Для Камбона, как и для Вильгельма, все зависело от Британии. «Если британское правительство возьмет все это сегодня в свои руки, мир может быть сохранен», – сказал он 24 июля журналисту Андре Жеро[1669]. На встрече с Греем рано утром 28 июля он выдвинул тот же аргумент: «если однажды предположить, что Британия будет безусловно стоять в стороне от европейской войны, шансы на сохранение мира окажутся в значительной степени под угрозой»[1670]. Здесь снова слышен тот рефлекторный отказ от ответственности, возлагающий бремя выбора между миром и войной на плечи кого-то другого. В таком прочтении теперь ответственность за сохранение мира несла Британия, ставившая свою огромную военно-морскую и торговую мощь в противовес Берлину, тем самым удерживая его от поддержки своего союзника. В течение многих лет Камбон твердил своим политическим руководителям, что они могут полностью положиться на британскую поддержку.
И вот он оказался в незавидном положении. Вообще говоря, намечалась не строго оборонительная война, а война, в которой Франция была призвана поддержать вмешательство России в балканский конфликт – обязательство, по поводу которого он сам ранее выражал озабоченность. Французское правительство сделало все возможное, чтобы компенсировать этот изъян, скрупулезно избегая любых агрессивных мер против Германии: утром 30 июля Совет министров в Париже согласился, что французские передовые войска займут позиции вдоль линии от Вогезских гор до Люксембурга, но не будут подходить к границе ближе, чем на десять километров. Идея заключалась в том, чтобы избежать любой возможности пограничных стычек с немецкими патрулями и убедить Лондон в мирном характере французской политики. Считалось, что моральный эффект и пропагандистская ценность такой демилитаризованной зоны перевешивают военные риски. Лондон был немедленно уведомлен через Камбона о новой политике[1671]. Но факт остается фактом: Великобритания не была, как неоднократно указывал Грей, участником того альянса, который якобы вынуждал Францию вмешиваться в этот конфликт, и при этом она не была официально уведомлена об условиях этого альянса. Ни Россия, ни Франция не подвергались нападению или прямой угрозе нападения. Для Камбона было естественно убеждать Грея в том, что Франция «обязана помочь России в случае нападения на нее», но на данный момент не было никаких указаний на то, что Австрия или Германия намеревались напасть на Россию[1672]. Не выглядело также и вероятным, что британское заявление о намерении вмешаться в конфликт удержит центральные державы от политики, которую они начали проводить без консультаций с Великобританией.

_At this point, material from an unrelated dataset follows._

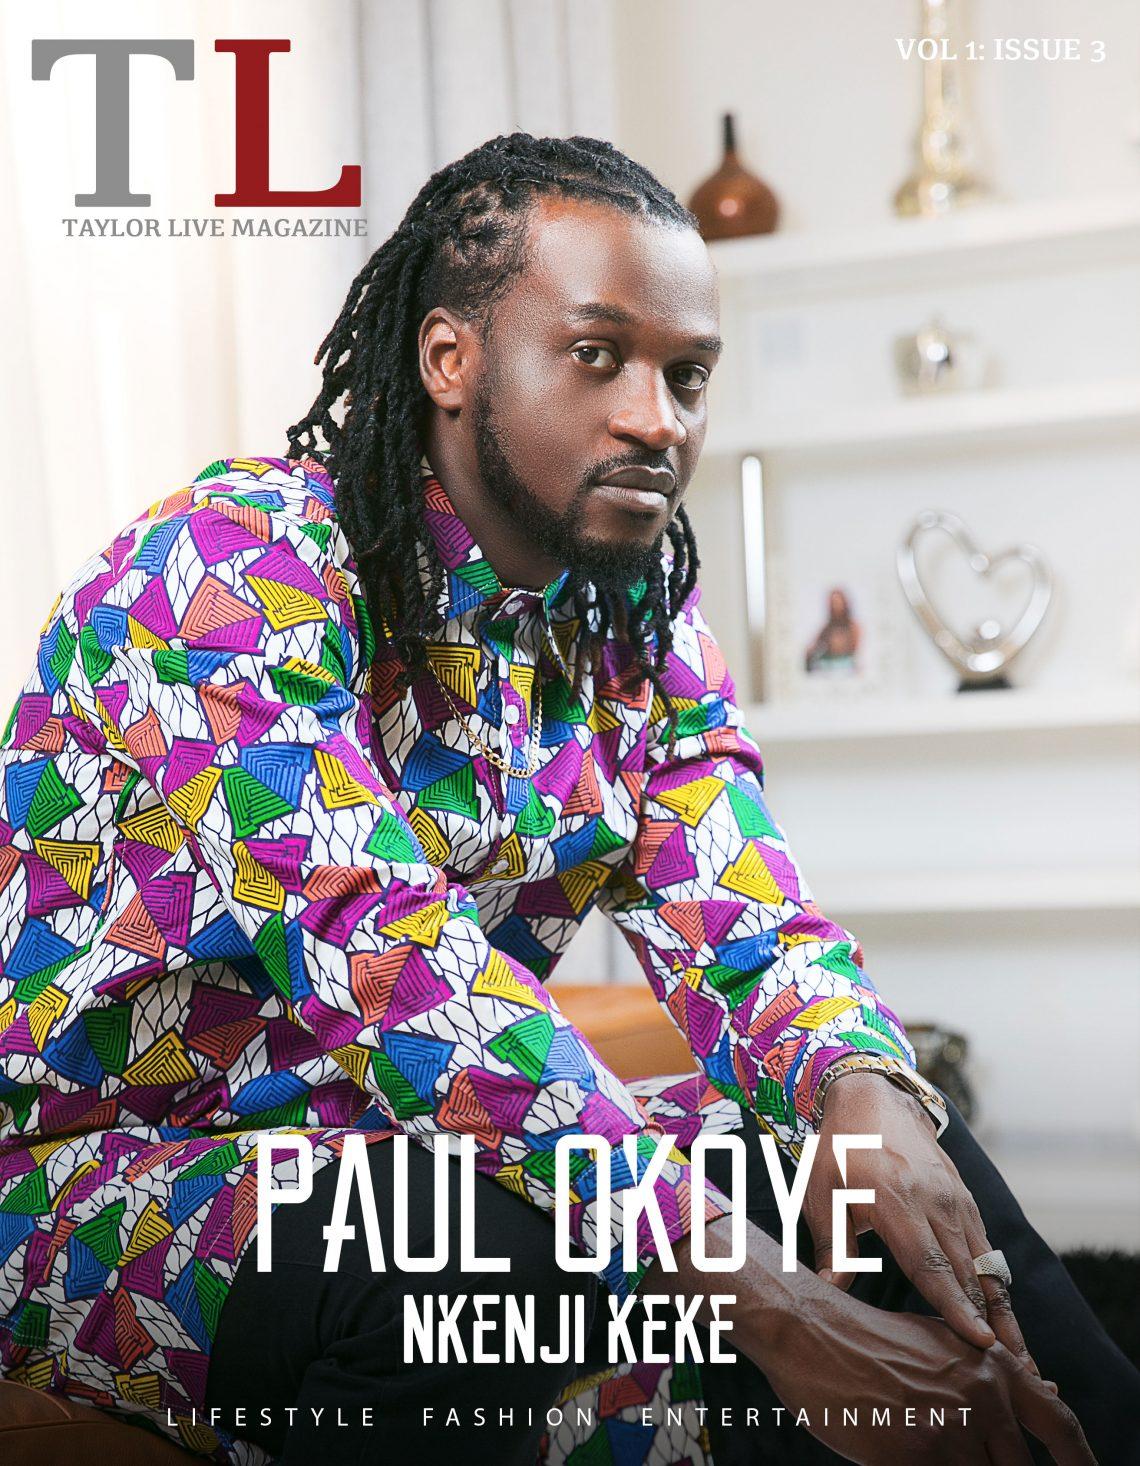 Nkenji Keke! Paul Okoye Covers Taylor Live Magazine's Latest Issue

В основе этого затруднительного положения лежало расхождение во взглядах, уходящее корнями глубоко в историю англо-французской Антанты. Камбон всегда неявно полагал, что Великобритания, как и Франция, рассматривала Антанту как инструмент для уравновешивания и сдерживания Германии. Он не понимал, что для британских политиков Антанта служила более масштабным целям. Она была, среди прочего, средством защиты от угроз для рассредоточенных территорий Британской империи, исходящих от сил, находящихся в выгодном положении, чтобы иметь возможность причинить им вред, а именно от России. Одна из возможных причин неверного понимания Камбоном британской политики заключалась в том, что он стал слишком сильно зависеть от заверений и советов постоянного заместителя министра сэра Артура Николсона, который был страстным сторонником укрепления отношений с Россией и Францией и хотел бы видеть, как они перерастут в полноценный действующий союз. Но Николсон, хотя и был влиятельным чиновником, не был главным политиком в Лондоне, и его взгляды все больше расходились со взглядами группы Грея, которая становилась все более недоверчивой к политике России и все более открытой для более прогерманского (или, по крайней мере, менее антигерманского) курса[1673]. Это классический пример того, как трудно было даже самым информированным современникам читать намерения союзников и врагов.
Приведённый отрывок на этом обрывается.